For a pension of £100,000 you would only be able to access £5,800 a year, meaning that the majority of people will never access the full worth of their pension. Worse still, any remaining money in your pension is not included as inheritance, but belongs to your annuity provider.

As of April 2015, people will have the option to take lump sums from their pension pots to spend as they wish rather than just having an annual allowance. The flexibility which comes with having access to such money not only offers more options to potential pensioners, but also to the people they currently support.

As students, the majority of our generation is largely reliant on financial aid from parents to cover the areas student finance doesn't. Tuition fees and accommodation come under the scope of the student loan system but living costs often require money from parents or, for the forward-thinking, savings.

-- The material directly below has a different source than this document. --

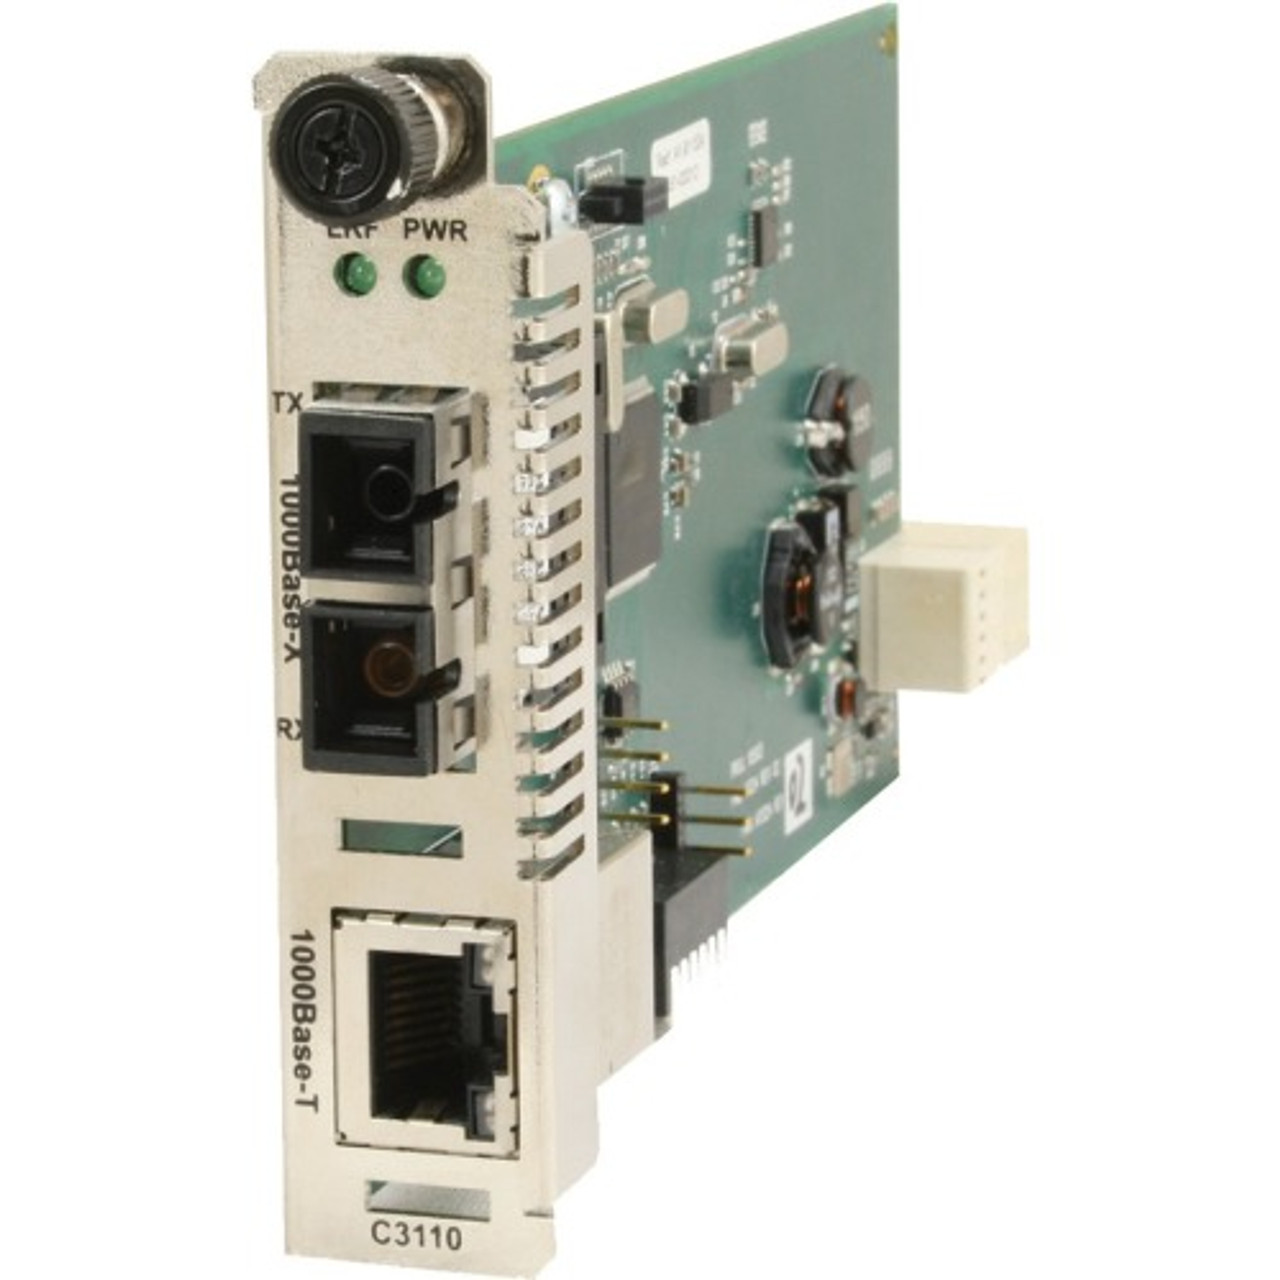 C3110-1039 Transition Networks Gigabit Ethernet Media Converter Module 1000Base-T to 1000Base-SX/LX Network (RJ-45) 1 x LC Ports Multi-mode Gigabit Ethernet

Even if careful budgeting can stretch the student loan to cover all costs, without a graduate job many parents face having to provide for returning students. With a lump sum being within easy reach, retired parents will be able to withdraw money at a moment's notice if the need to accommodate graduating children should arise.

And while such graduates are looking for employment in the ever more competitive job climate, parents will be able to offer opportunities to improve their chances. Loans to finance extra training such as law conversion courses, accountancy exams, and even internships can be obtained more easily from parents if students should feel their CVs need bulking up.

Even further into the future, when the time comes for weddings and deposits for houses, parents having access to a lump sum provides an option more preferable to scraping together savings from your own meagre starting salary.

But perhaps the biggest feather in our cap is that the pressure of crushing debt from tuition fees can be more easily relieved. If the circumstances should arise that our finances just can't cope with having to pay back such a large amount, or even simply the odd monthly payment, then parents will be in a much stronger position to offer a helping hand.

The drastic increase in tuition fees put parents and students in a vulnerable financial position, with job prospects seeming bleak without an increasingly expensive university degree, and was among the most unpopular government decisions so far this century. Now it seems that a great deal of freedom and responsibility is being handed back to savers in a 2014 budget policy likely to be popular enough to take effect uncontested.